Is OCD a deficiency in relying on internal signals?
Lazarov, A., Dar, R., Liberman, N., & Oded, Y. (2012). Obsessive-compulsive tendencies and undermined confidence are related to reliance on proxies for internal states in a false feedback paradigm. Journal of behavior therapy and experimental psychiatry, 43(1), 556–564.
There are several descriptions of OCD patients that not only doubt their cognitive functions but also other internal states such as the “feeling of knowing,”. Thus, one could describe OCD as an inability to generate this inner feeling, which in turn creates anxiety and doubt regarding safety, which leads to compensatory seeking of and reliance on external stimuli to achieve a “feeling of knowing”. A recent article by an Israelian research group has investigated this issue. The authors have in a previous study shown that participants with high obsessive-compulsive (OC) tendencies rely more on biofeedback in judging their state of relaxation, indicating that people with high OC symptoms are more susceptible to self perception effects.
In this study the authors first replicated their previous study and let two groups of participants with high OC tendencies vs. low OC tendencies to rate their own comfort when looking at a false pre-programmed biofeedback computer: One of a descending line graph signaling to participants decrease in muscle tension, and one of an ascending line graph signaling increase in muscle tension. The results showed that high OC, compared to low OC participants, relied more on the false biofeedback in judging their own muscle tension levels, indicating that they were more susceptible to self-perception effects.
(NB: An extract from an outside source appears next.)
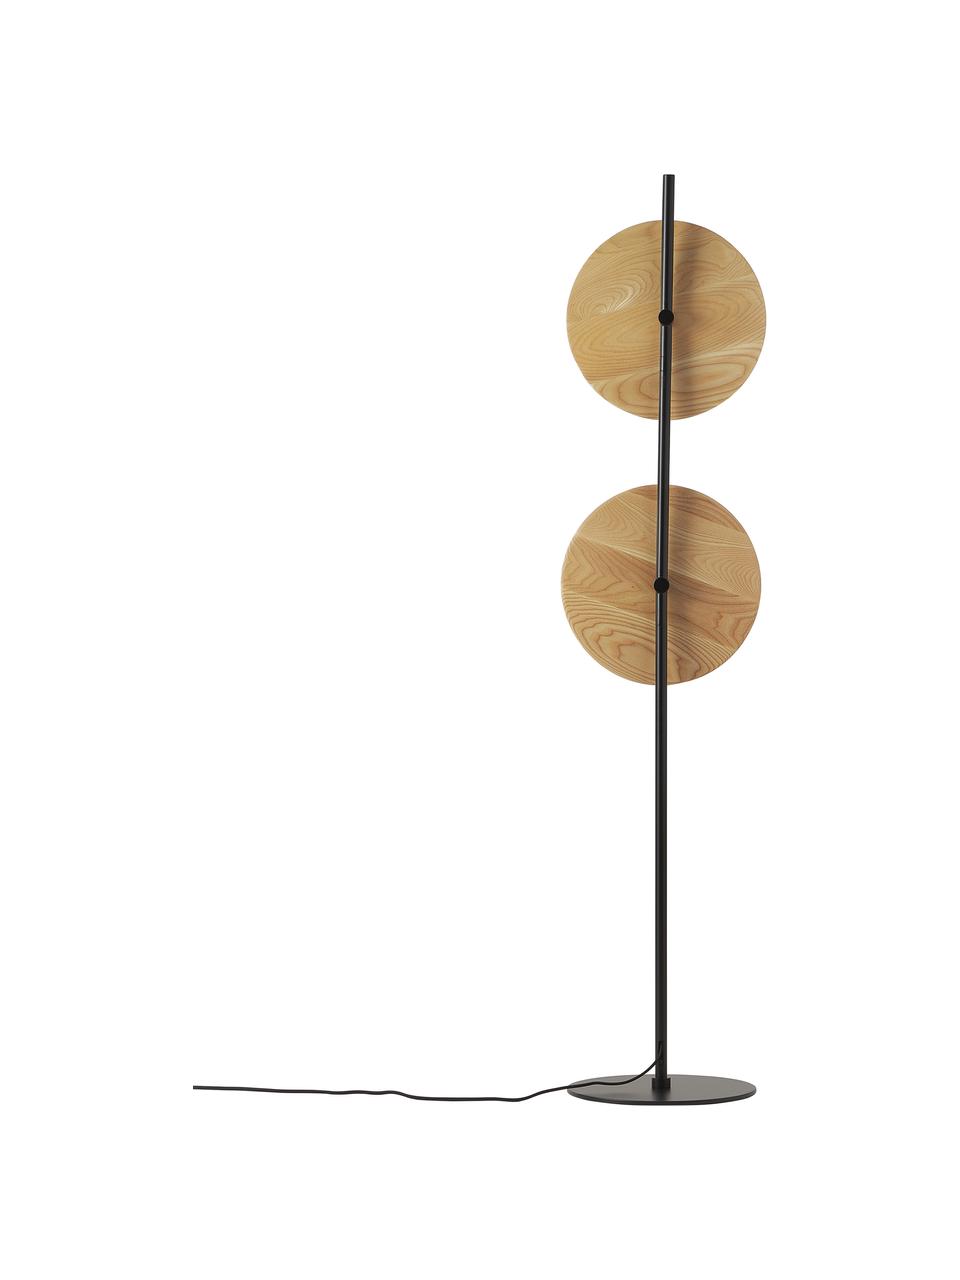 Verstellbare Stehlampe Kira aus Eschenholz, Dekor: 100 % Eschenholz, Schwarz, Helles Holz, Ø 9 x H 145 cm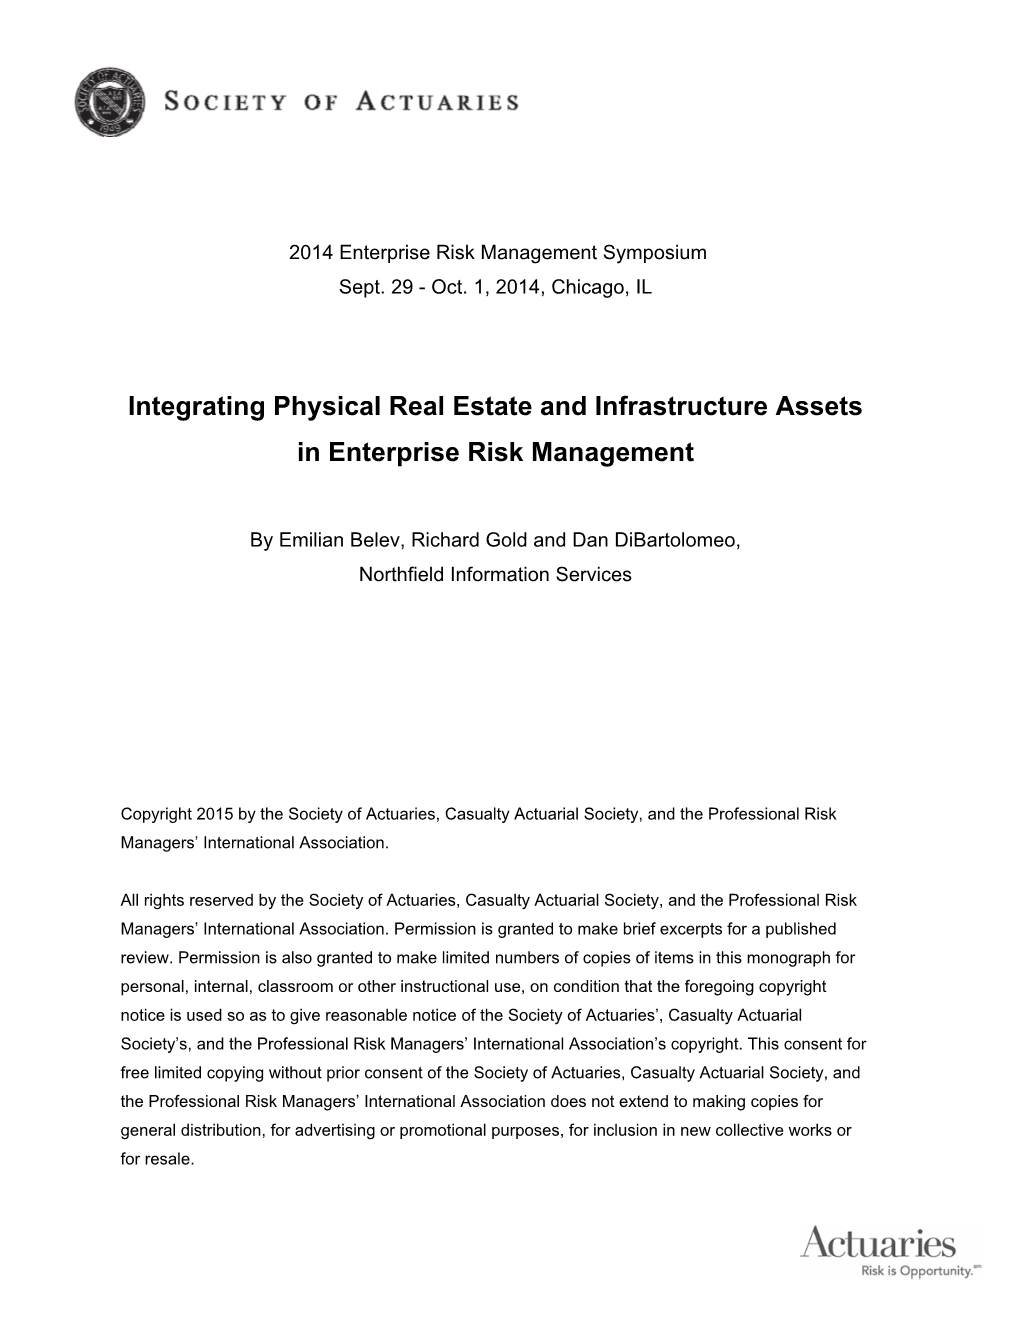 Integrating Physical Real Estate and Infrastructure Assets in Enterprise Risk Management

In a second experiment, the authors wanted to investigate if undermined confidence are causally related to increased reliance on external stimuli. This was done using the same method as the first experiment but one group was told, “feelings of relaxation can be misleading. People often feel that they are relaxed only to discover later on that they were not, thus realizing that their confidence about their own feeling of relaxation had been false. Therefore, you should ask yourself whether you are really and genuinely relaxed, and whether you are confident about what you are feeling.”. Results showed that undermined confidence participants were more affected by the false biofeedback when judging their level of relaxation as compared to control participants, suggesting that undermined confidence on internal signals indeed are causally related to higher reliance on external stimuli.
What is new in this study?
The authors conclude “Whereas previous models emphasize the repetitive nature of compulsive acts, which are understood as repetitive and prolonged attempts to generate the missing internal feelings of knowing or subjective conviction, our model emphasizes the functional aspect of rituals, which are conceptualized as informative proxies that substitute and thereby compensate for lacking subjective conviction regarding internal states.”
How is this relevant to clinicians?
We managed to get a short interview with professor Dar who is one of the authors:
– I think what I find useful is to explain to patients the proxy mechanism and its flaws. I explain to them about the loss of conviction that many OCD patients experience in regard to many subjective states, like feelings (do I really love her?), understanding (have I really understood what you’ve just said), beliefs, attitudes etc. I explain my view that many of the rules and rituals they have developed over the years were proxies for these original internal states. So, if I can’t know for sure what I’m feeling toward my fiancée, I now have a proxy in the form of the number of phone calls I make to her every day or how much money I spend on presents etc. But these proxies have serious flaws – number of phone calls is not really a good approximation for love, and learning by heart for understanding. The solution? To tolerate better the feeling of uncertainty, to accept the partial control we all have over our lives and to live with the doubt.